All major drug manufacturers have been accused of wrongdoing at one time or another, and Johnson & Johnson is no exception.
Most recently, five users of the Johnson & Johnson drug Levaquin accused it and the company’s Janssen unit of deliberately downplaying the drug’s side effects to avoid a decrease in sales of the medication. Five users of the antibiotic filed a lawsuit claiming the drug was mislabeled and misbranded, which led to “significant harm and/or death to consumers…”

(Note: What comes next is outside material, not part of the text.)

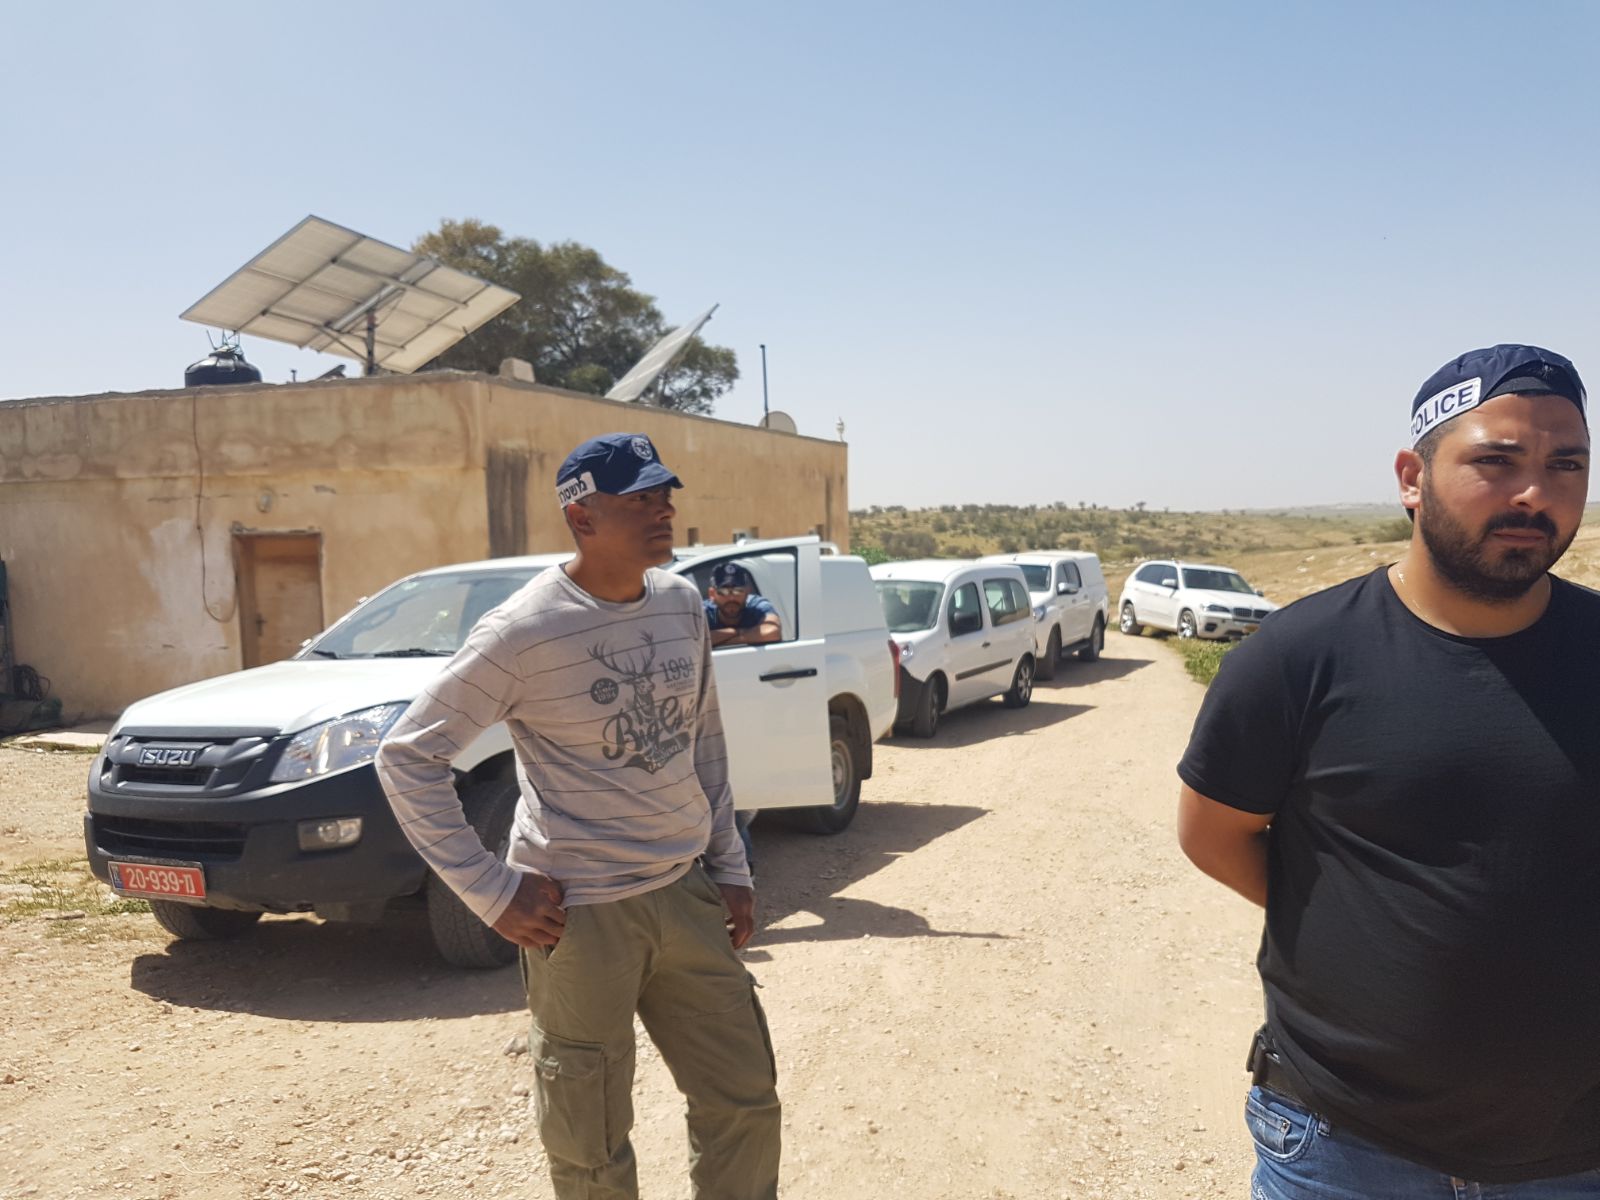 שוטרים מלווים את אנשי רשות מקרקעי ישראל לחלוקת צווי פינוי והריסה לכל מבני ותושבי הכפר. 21 במרץ 2018 (רא'אד אבו אלקיעאן)

In addition to Johnson & Johnson and Janssen, former FDA commissioner Margaret Hamburg was also named as a defendant in the lawsuit. Plaintiffs are seeking more than $800 million, $120 million of which is in compensatory damages and $750 million in punitive damages.
About Levaquin
Levaquin is an antibiotic medication prescribed by doctors to treat bacterial infections. It is part of a class of drugs known as fluoroquinolones, popular because they are able to treat such a wide variety of infections. Some of the most common uses include respiratory and urinary tract infections.
In November 2015, the FDA held a hearing at which more than 30 Levaquin users spoke of their experiences, which included chronic pain and fatigue following their use of the medication. Many said they “… lost years from their lives…” because of the side effects of the drug, and one of the plaintiffs in the Levaquin lawsuit, reported feeling “… tired all the time…” with “…pain every day…”
Following the hearing in November, the FDA’s Antimicrobial Drugs Advisory Committee, as well as the Drug Safety and Risk Management Advisory Committee called for a black box warning to be included on all fluoroquinolones after the drugs were linked to side effects including peripheral neuropathy, heart problems, tendon damage, and various skin conditions. Though these side effects, as well as hypersensitivity and myasthenia gravis (muscle fatigue and weakness) are mentioned on Levaquin’s label, users feel the manufacturer did not go into specific enough detail or do enough to warn them of the severity of their risk.
Serious Concerns Over Levaquin and Heart Health Issues
In addition to fatigue and chronic pain, fluoroquinolones might pose an even greater threat. Recent studies have linked the drugs to aortic dissection and aortic aneurysm. Two recent studies found up to a tripled increase in risk for aneurysm in patients using fluoroquinolones.
The most recent lawsuit is just one of thousands faced by Johnson & Johnson in relation to Levaquin. The first case to go to trial resulted in the company paying the plaintiff $1.8 million after it found it did not properly warn of the side effects. There are additional federal cases in multi-district litigation in Minnesota and New Jersey, with hundreds settled so far.
Despite decades of issues with fluoroquinolones, many doctors still feel the drugs are valuable and continue to prescribe them, increasing the odds there will be even more lawsuits forthcoming.